Après Maria, le 22 janvier 1881, vient un autre enfant,  : Claudius Antonin, mon grand père.
Le 19 mars 1883,  alors qu'il revient de quelqu'affaire sur les hauteurs d'Echandelys, Charles est malencontreusement détroussé par un bandit qui le laisse pour mort sur le bord d'un fossé. Quand le métayer de la ferme voisine le découvre, il est à l'agonie. Transporté jusqu'au domicile le plus proche, Charles s’éteint sur la table de la cuisine. il est 15 heure, (l'acte de décès mentionne 3 heure du soir),  Maria n'a pas 5 ans, son frère n'en a pas 2.
Commence alors pour les enfants et pour Marie Françoise une nouvelle existence, pleine de labeur.
Augustin le frère de Charles pourvoit comme il le peut à l'entretient et à l'éducation des deux orphelins. Avec l'aide de sa famille Marie Françoise qui est revenue au domicile de ses parents, se débrouille tant bien que mal. Achetant ici une terre, là bas un bout de taillis. De quoi faire vivre ses marmots. Leur assurer le quotidien.
Dès qu'elle le pourra, c'est à dire dès qu'elle en aura l'age, Maria sera placée dans une famille bourgeoise et pourvoira à ses propres besoins.
C'est une famille de notable qui l'emploie. Celle ci possède une résidence sur la commune d'Egliseneuve mais réside une partie de l'année à Clermont. Elle voyage beaucoup. Le général Bohër, un Alsacien, grognard de la garde de Napoléon III embauche définitivement  Maria qui devient servante, puis gouvernante pour les enfants. Son frère Claudius  se déplace de chantiers en chantiers sur Lyon.

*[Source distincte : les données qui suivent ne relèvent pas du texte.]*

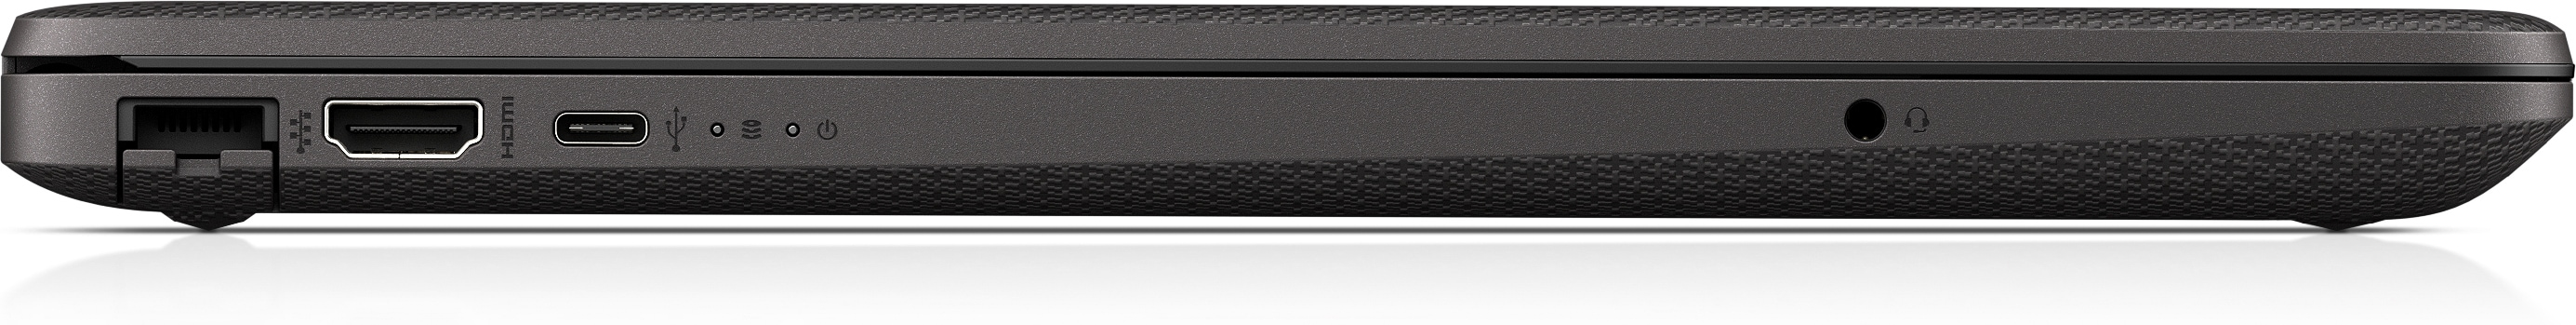 Notebook HP 255 G8 3020E Computer portatile 39,6 cm (15.6

Il a appris le métier de maçon. Les deux se retrouvent parfois, au gré de leurs errances, en gare de Clermont. Maria attend son frère et ensemble il regagne la Vigerie où Marie Françoise attend. Quand elle décède, le 5 octobre 1916, c'est la guerre.  Claudius est au front. Par 7 fois il aura tenté de s'évader, par 7 fois il sera repris. Maria qui n'a plus que son frère vit au service de la famille Bohër
jusqu'à  sa retraite, qu'elle prend dans sa maison de Charel. Son frère marié, a deux enfants. Maria qui elle n'a pas de famille est aux petits soins. Ainsi Charles et Simone sont comblés par cette tante  providentielle qui connait le vaste monde, bien plus qu'Eugénie leur mère, modeste paysanne qui découvre par sa belle soeur le monde des lumières. Lecture, culture, tricot, broderie occupent les soirs d'hiver au cours de longues veillées. Claudius s'en va le premier des suite d'une mauvaise blessure de guerre. Son chien le Youki va mourir de chagrin, sur sa tombe. Ne reste plus que Pyram aux bons soins d'Eugénie. Quand elle meurt à son tour, les enfants sont partis. Charles vit sa vie de maçon, souvent il rentre tard, parfois il ne rentre pas. Simone est mariée, elle va bientôt être maman. Maria recueille Pyram qui va devenir son chien. Quand avec maman nous venons à Charel, nous venons voir Maria. Je ne peux m'empêcher de  taquiner Pyram, dans la cuisine de Maria. Je prends un balais et m'entreprends de le chasser, comme à la maison on chasse les chiens pour qu'ils n'entrent pas, ce que mon père ne veut surtout pas ! Maria se fâche et devient rouge de colère. C'est à peu prés les seuls souvenirs que je garde d'elle. Je revois Maria toute vêtue de noir entre les portes de Charel nous dire au revoir en agitant son bras. Maria est décédée en 1956. J'avais 4 ans. Au revoir Maria.

13 commentaires:

  1. Super, je n'ai pas eu à attendre longtemps! J'ai bien fait de revenir faire un tour "chez toi", car les notifs arrivent souvent seulement le lendemain :-)
    Tu connais beaucoup de choses de Maria je trouve. C'est super que tu aies rassemblé tous ces renseignements. J'aurais bien aimé voir encore une petite photo, moi ;-)
    Elles étaient nombreuses à cette époque les jeunes filles, jeunes femmes qui se plaçaient dans une famille bourgeoise et faisaient un peu de tout en échange du gîte et du couvert. Je ne suis pas sûre qu'elles étaient payées en plus. En tout cas pour ma grand mère (celle qui gardait les vaches), c'est ce qu'il s'est passé. D'ailleurs la lettre de recommandation de ses patrons est amusante à lire pour nous:
    "c'est une jeune fille très propre, qui sait bien tenir un ménage"..... ;-)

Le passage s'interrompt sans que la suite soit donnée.